The title of this page is condensed from conclusion below


Han J1,2,3, Zhang X2, Saraf SL2, Gowhari M2, Molokie RE2,4, Hassan J2, Jain S2, Shah BN2, Abbasi T2, Machado RF5, Gordeuk VR2.
1 Department of Pharmacy Practice, University of Illinois at Chicago, Chicago, IL, USA.
2 Department of Medicine, Hematology/Oncology, University of Illinois at Chicago, Chicago, IL, USA.
3 Center for Pharmacoepidemiology and Pharmacoeconomic Research, University of Illinois at Chicago, Chicago, IL, USA.
4 Jesse Brown VA Medical Center, Chicago, IL, USA.
5 Division of Pulmonary, Critical Care, Sleep, and Occupational Medicine, Indiana University Department of Medicine, Indianapolis, IN, USA.

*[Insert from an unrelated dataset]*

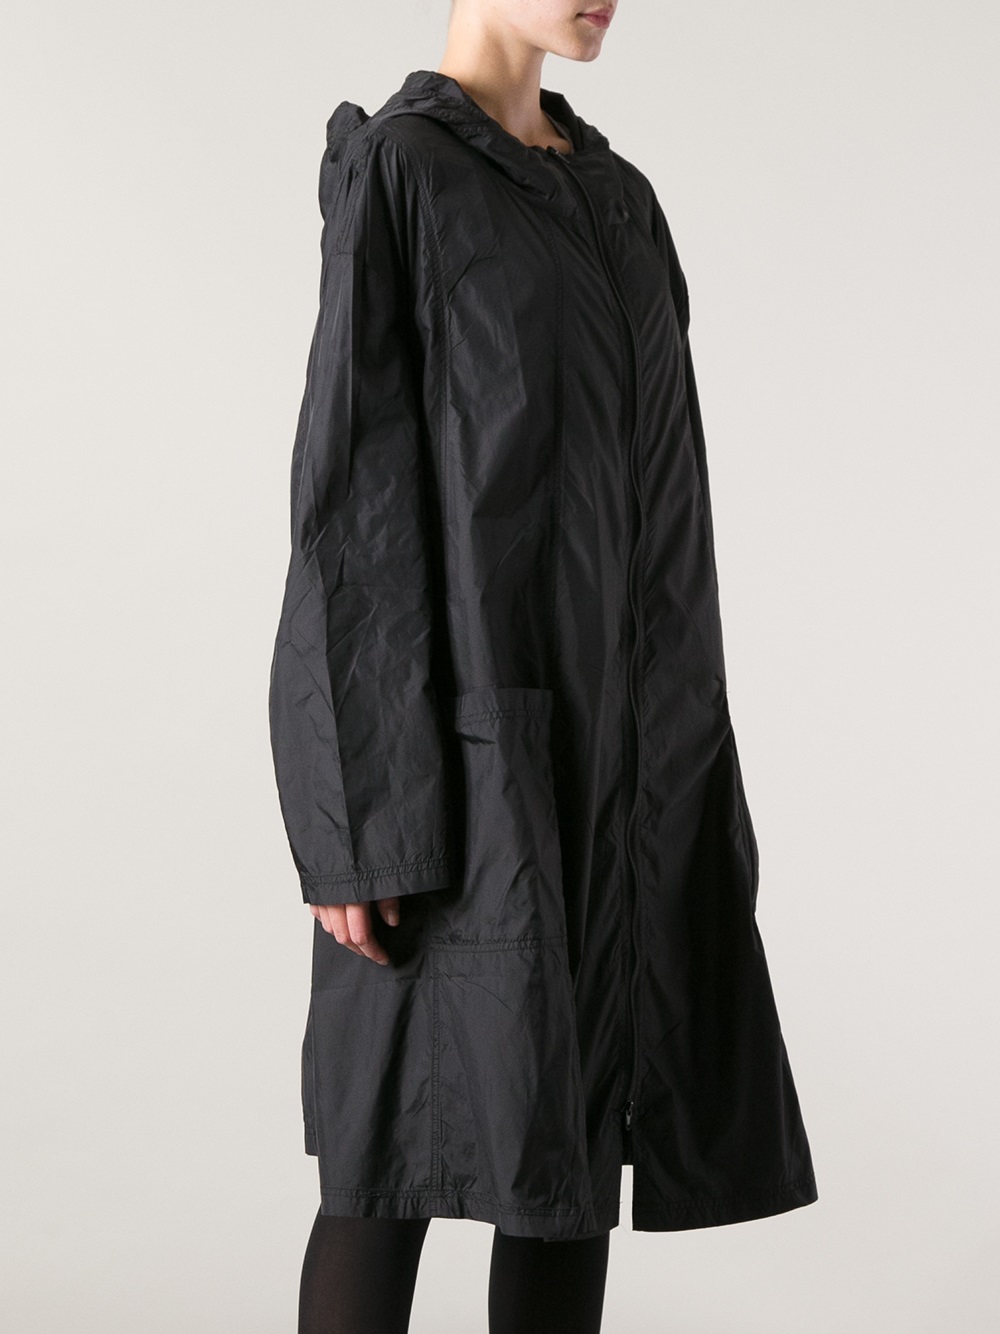 Long Black Rain Coat - Coat Nj

Vitamin D deficiency (VDD), 25-OHD levels <20 ng/ml, is prevalent among patients with sickle cell disease (SCD) and is linked to acute and chronic pain and bone fracture in this population. There is limited literature regarding VDD-associated risk factors for SCD.

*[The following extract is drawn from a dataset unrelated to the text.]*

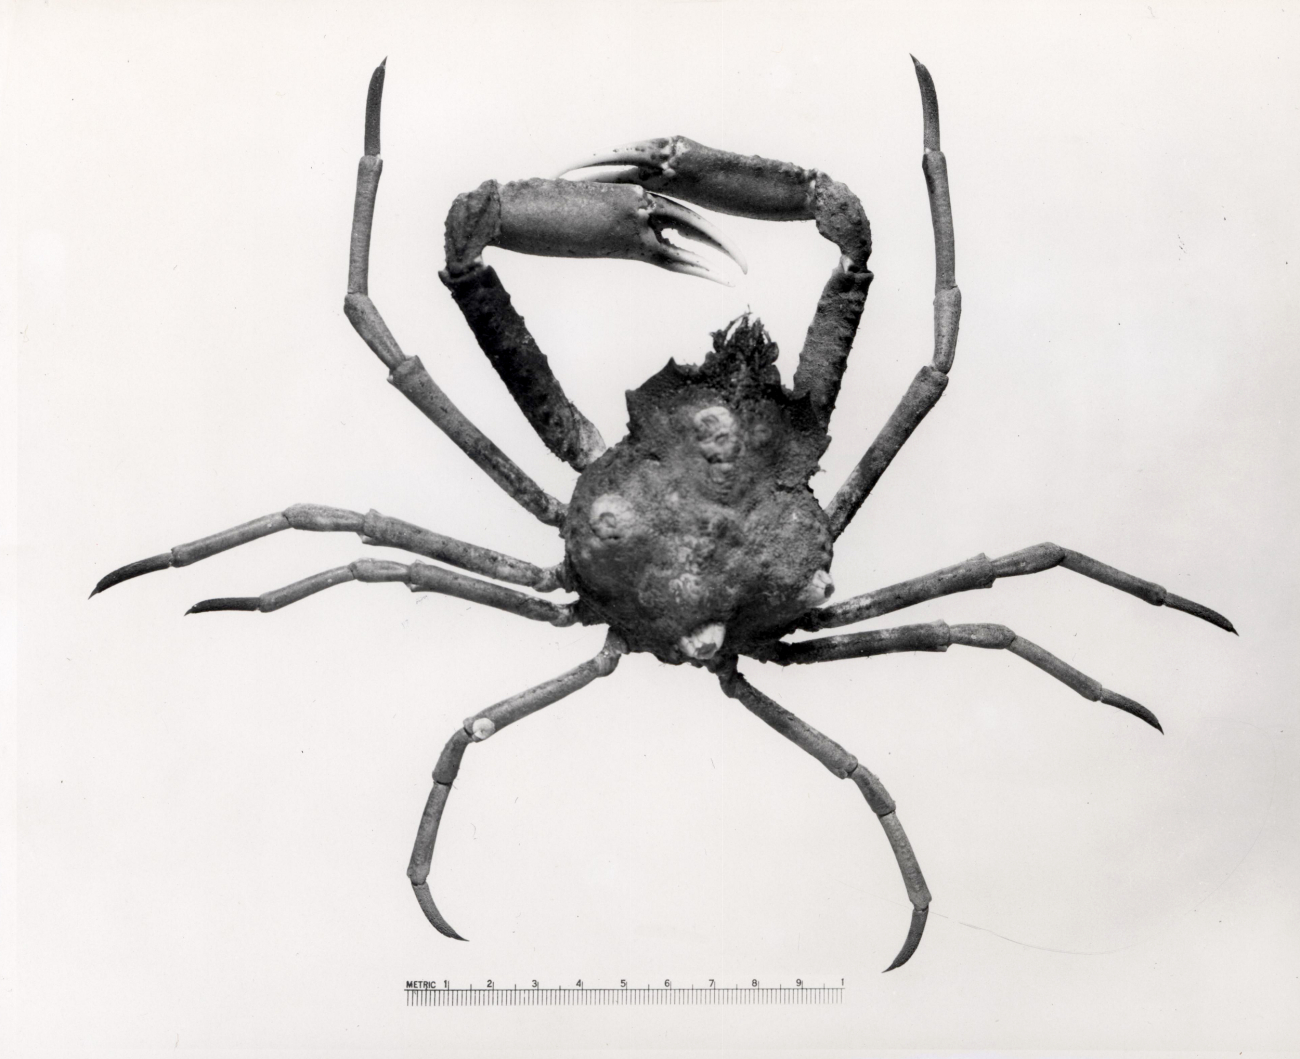 Spider crab (Hvas lvratus)

We examined potential clinical and genomic parameters associated with VDD in 335 adults with SCD in a cross-sectional study. VDD was present in 65% of adult SCD patients, and 25-OHD levels independently and positively correlated with older age (P < 0·001) and vitamin D supplementation (P < 0·001). 25-OHD levels were higher in SCD patients over 40 years of age compared to the general African-American population.
Both lower 25-OHD levels and increased pain frequency were associated with increased expression of SLC6A5 encoding glycine transporter-2 (GlyT2), a protein involved in neuronal pain pathways. Lower 25-OHD levels were also associated with increased expression of CYP3A4, and with decreased expression of GC (also termed DBP) and VDR, three genes involved in vitamin D metabolism.
We conclude that vitamin D supplementation should be an almost universal feature of the care of young adults with SCD, and that further research is warranted into genomic factors that regulate vitamin D metabolism in SCD.